In the new house, the routine was as always. He regretted the unpleasant thoughts he had harbored about Switzerland because he took pleasure in the sense of order and civility in the village, an
d in the way the light changed on the lake and how the gathering twilight seemed to swim gently towards them from the mountains.
He had grown to love his protagonist Felix Krull, in the same way as he had once loved Adrian Leverkühn, as he also had loved Tony Buddenbrook and young Hanno. While readers might guess that Hanno was a self-portrait and see the elements in common between the author and the composer in Doctor Faustus, no one would guess how close he felt to Felix Krull. The elaborate tricks Krull played on the world were not just taken from novels about tricksters but were ways for Thomas to harness his own experiences and self-inventions, turn them into a joke. Krull was the dodger, the one who got away with things, the one at the edge of the action picking the pockets of those who were inattentive.

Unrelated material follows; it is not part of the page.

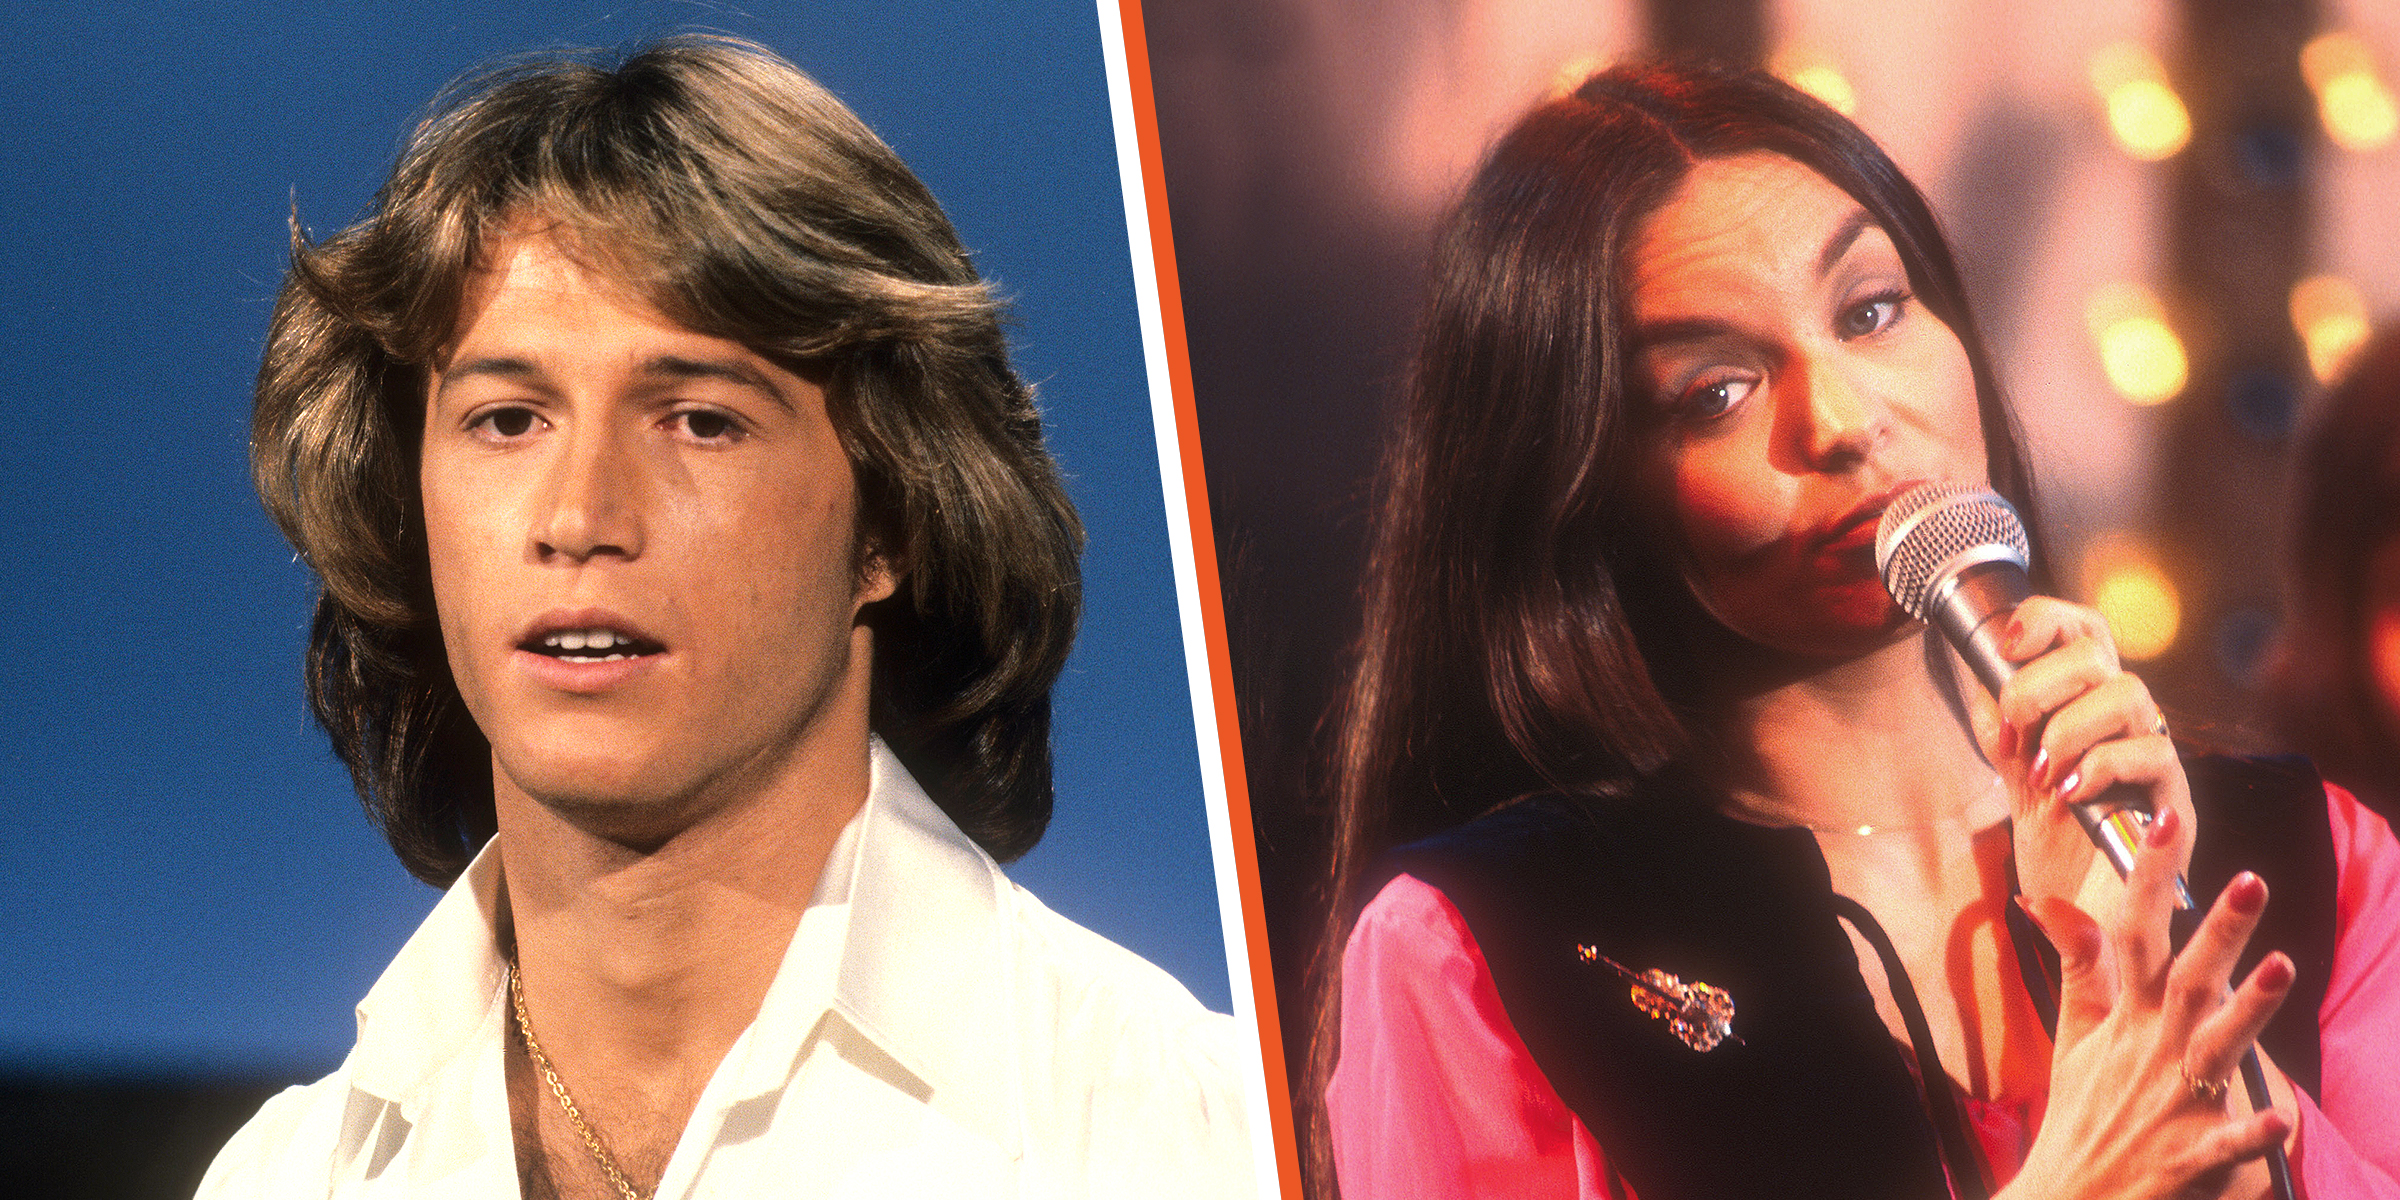 Andy Gibb und Crystal Gayle | Quelle: Getty Images

When he was buying the house in Kilchberg, as he and Katia walked from the car to the office of the lawyer in Zürich, he had been aware of his own status. Anyone who noticed him would have seen a man in his seventies, impeccably dressed, moving in a way that was purposeful and dignified. He had with him a money order that equaled the price of the house. He was the father of six children, married to a woman who had proved herself formidable in the detailed negotiations with the owners over fixtures that were being left and the garage arrangements; he was the author of many books written in an elaborate style, unafraid of long sentences and many asides, at ease in evoking the famous names in the German pantheon. By any standards, he was a great man. His own father would even have been intimidated by him.
No one, however, would have been intimidated by the sight of him as he was confronted with his own aging face alone in the lavatory at the lawyer’s office. They would have been puzzled by the semi-mocking glances he gave himself in the mirror, the brief, sly, knowing smirk that came on his face as if he were happy that, once more, like his own Felix Krull, he had not been found out.